— YOUR ASSIGNMENT —
In the entries below, find the line with "Group of ripe litchi fruits Stock Photo" and the line with "Mermaid & Seahorse"; reproduce those two lines and all lines between them exactly, without pictures.

— DATA TO EXAMINE —
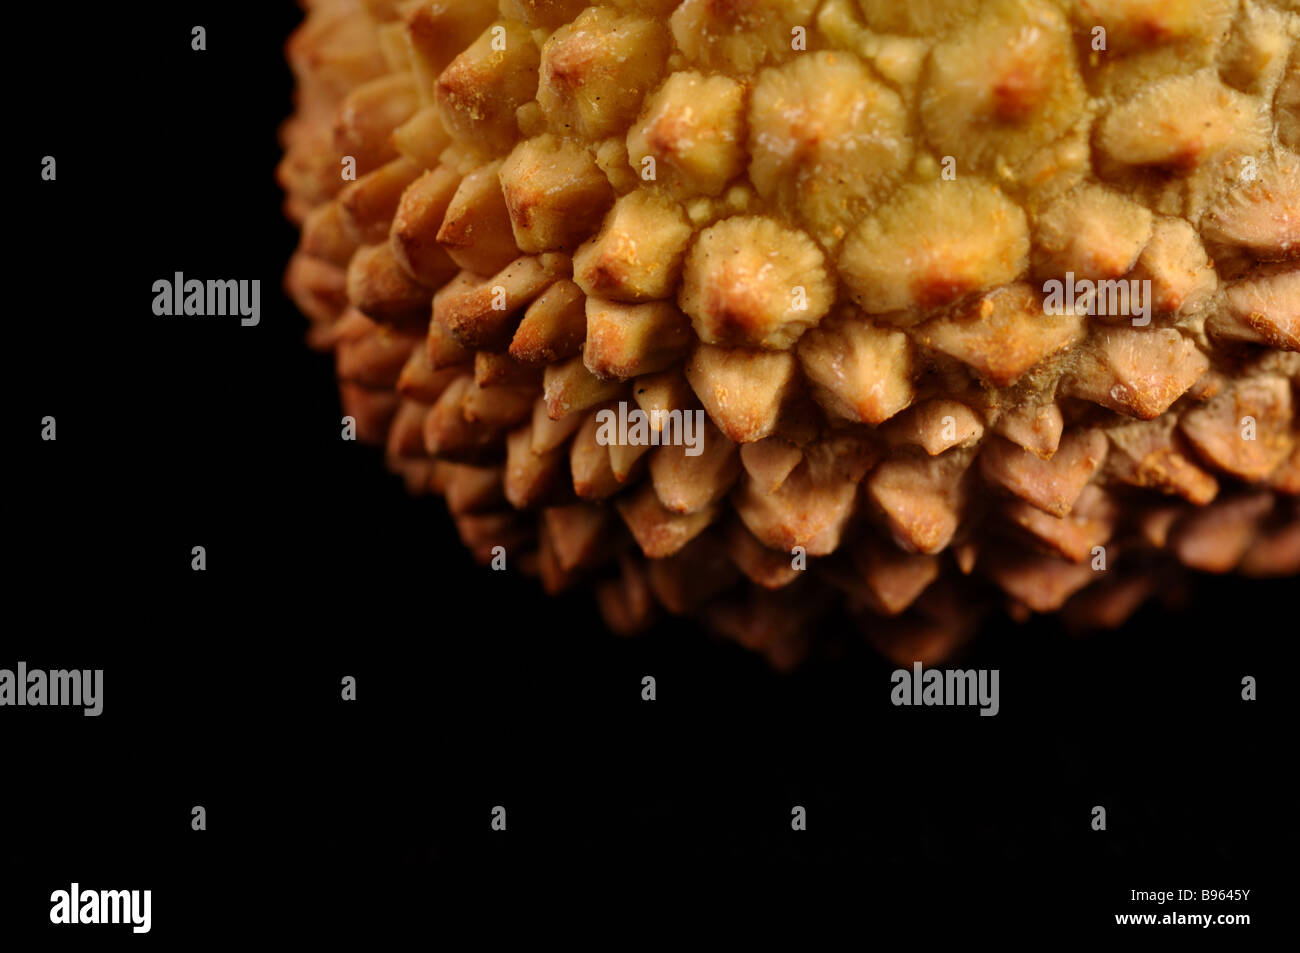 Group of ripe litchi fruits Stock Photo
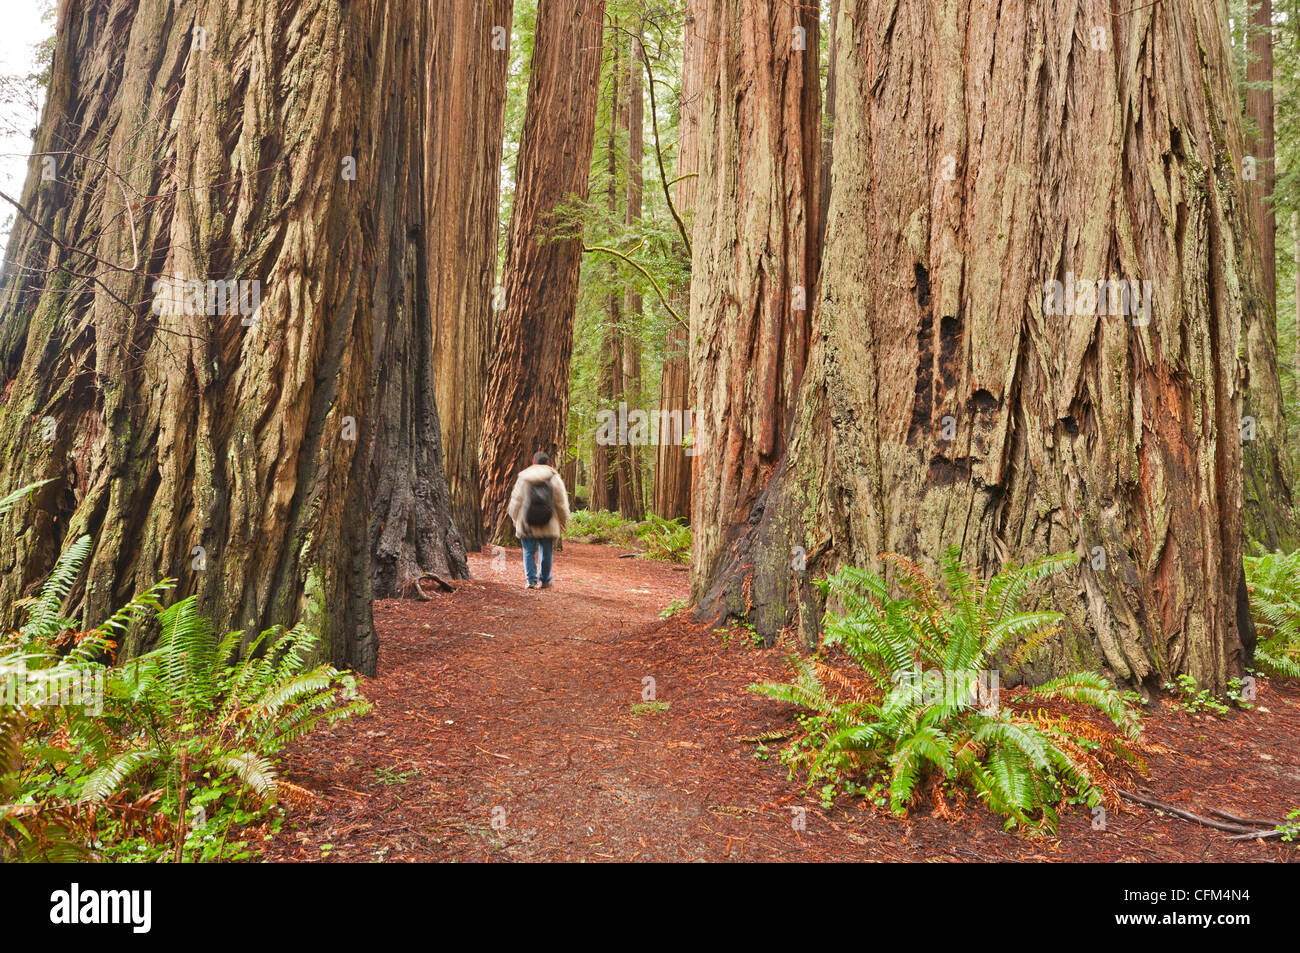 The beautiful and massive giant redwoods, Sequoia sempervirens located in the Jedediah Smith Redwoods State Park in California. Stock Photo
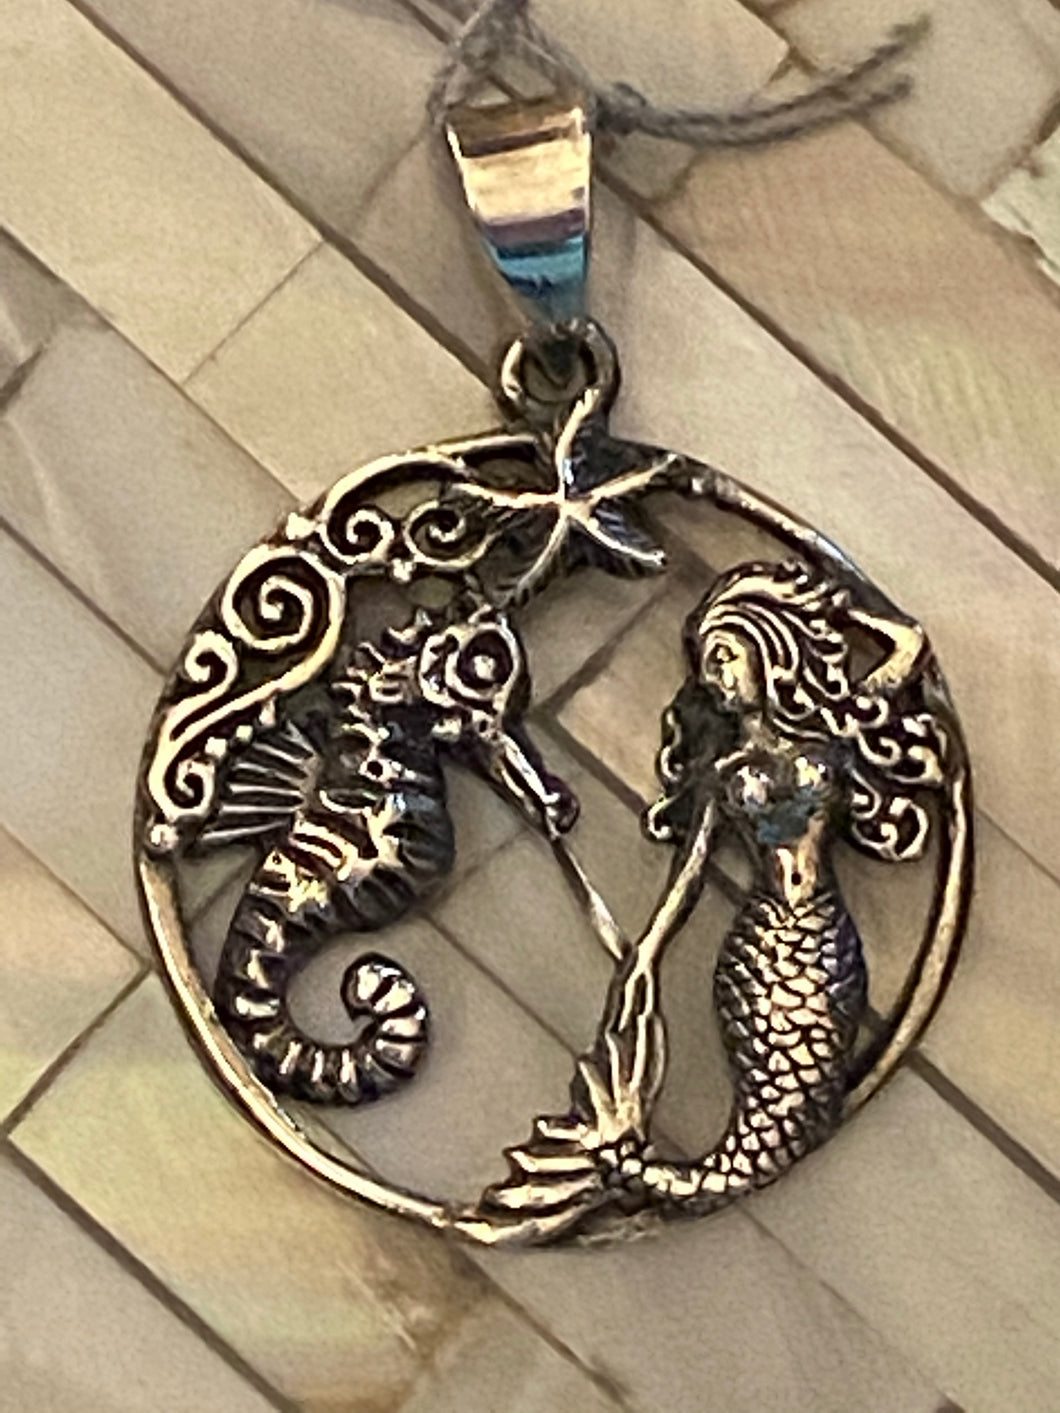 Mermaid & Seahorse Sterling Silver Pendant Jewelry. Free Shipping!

==

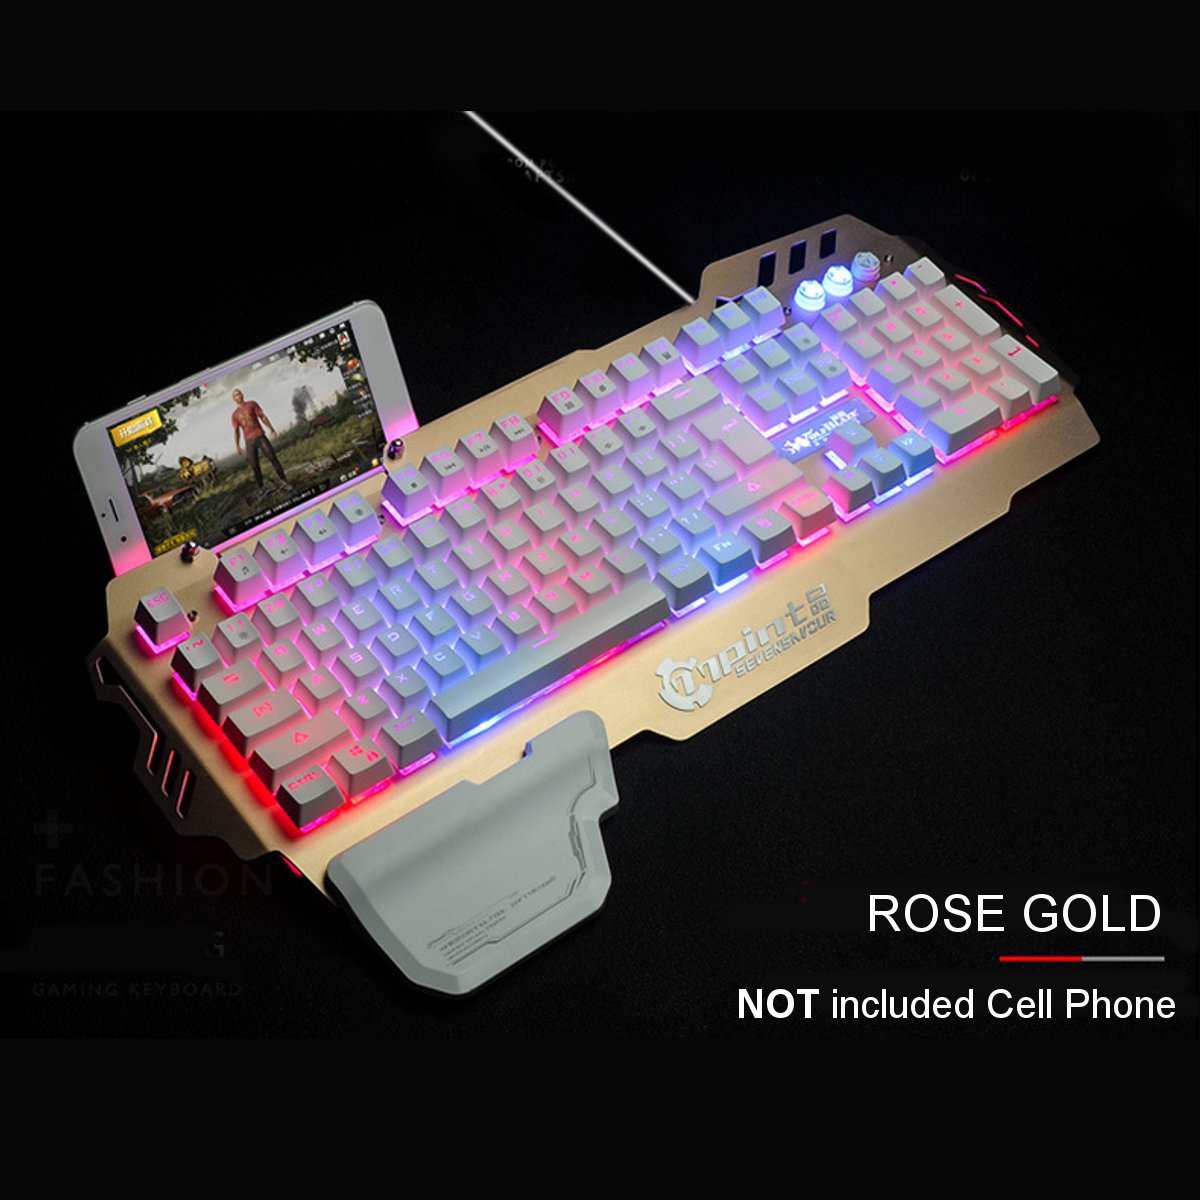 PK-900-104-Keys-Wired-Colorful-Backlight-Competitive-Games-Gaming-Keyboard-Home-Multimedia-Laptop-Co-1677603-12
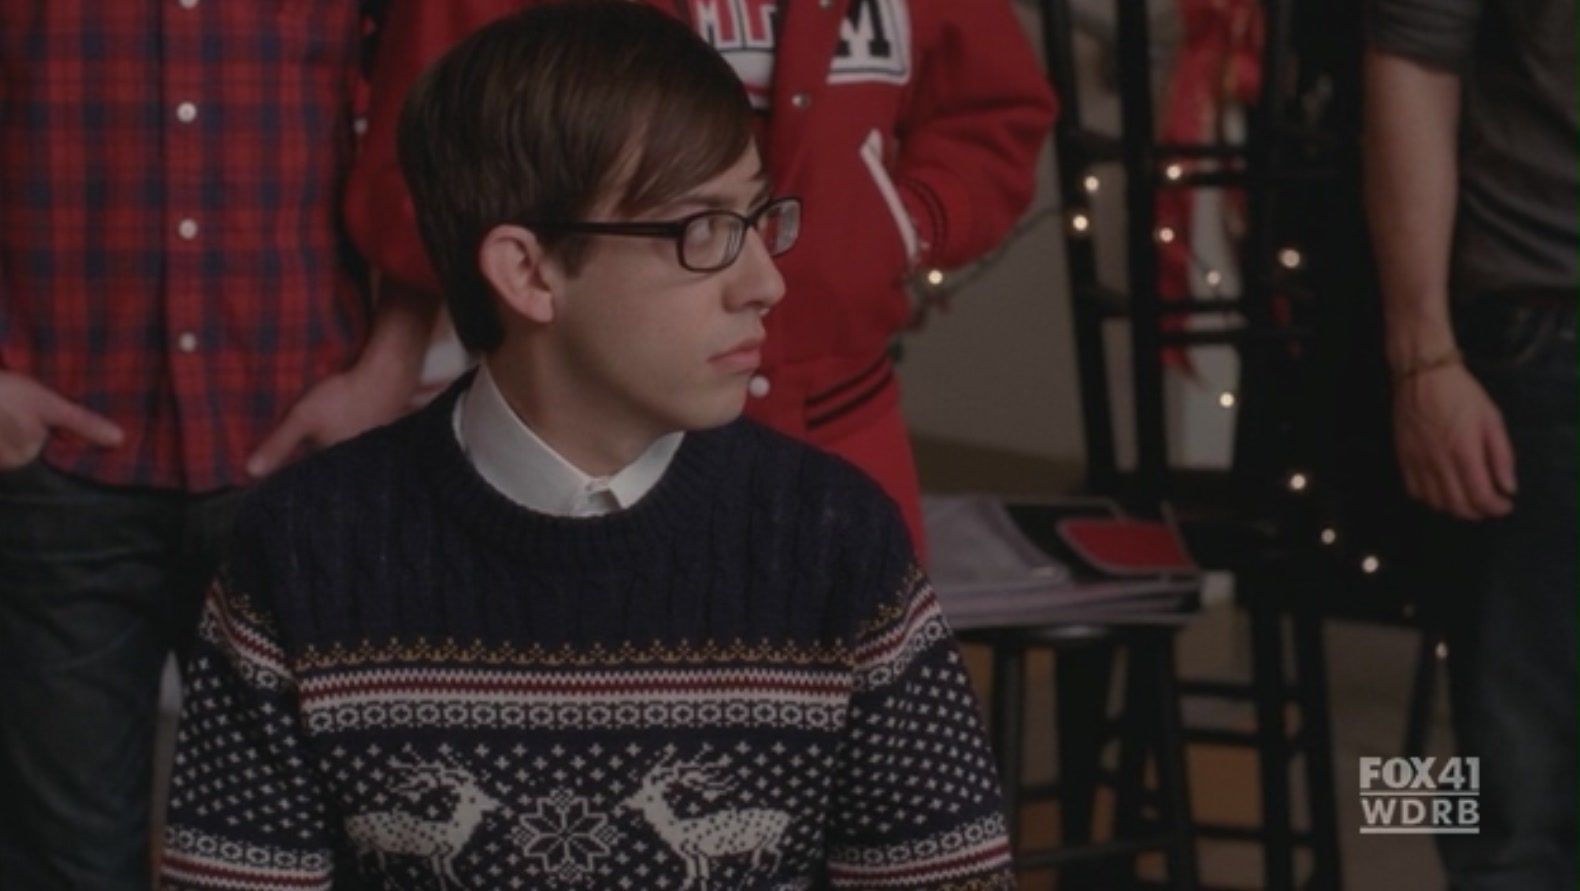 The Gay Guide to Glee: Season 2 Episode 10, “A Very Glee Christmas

==

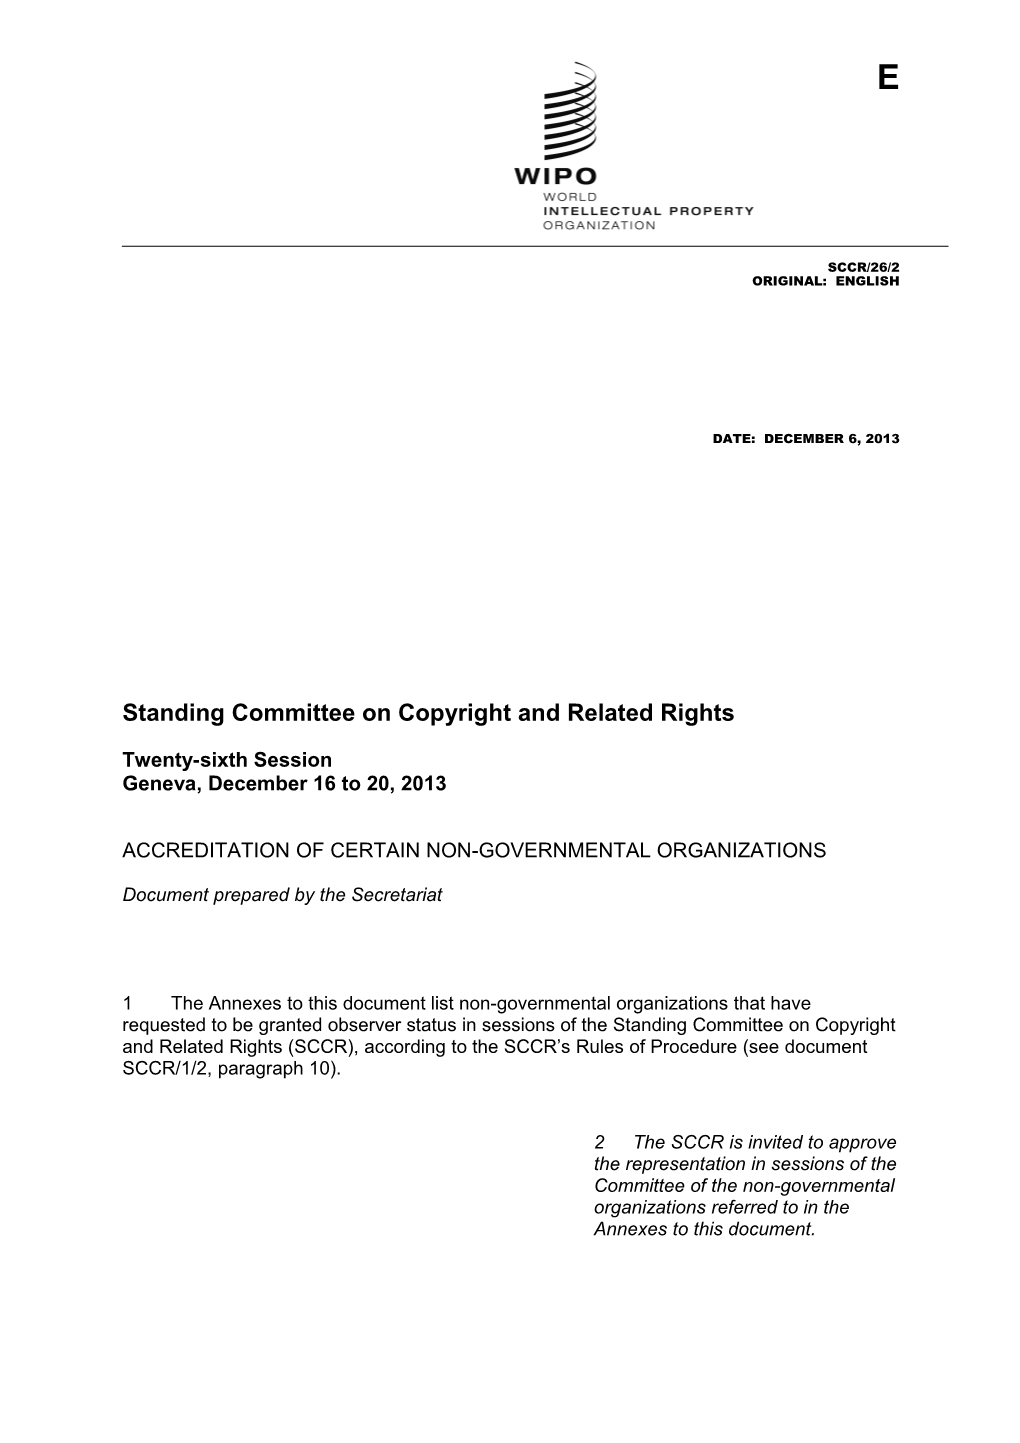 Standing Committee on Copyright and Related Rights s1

— ANSWER SECTION —
 Group of ripe litchi fruits Stock Photo
 The beautiful and massive giant redwoods, Sequoia sempervirens located in the Jedediah Smith Redwoods State Park in California. Stock Photo
 Mermaid & Seahorse Sterling Silver Pendant Jewelry. Free Shipping!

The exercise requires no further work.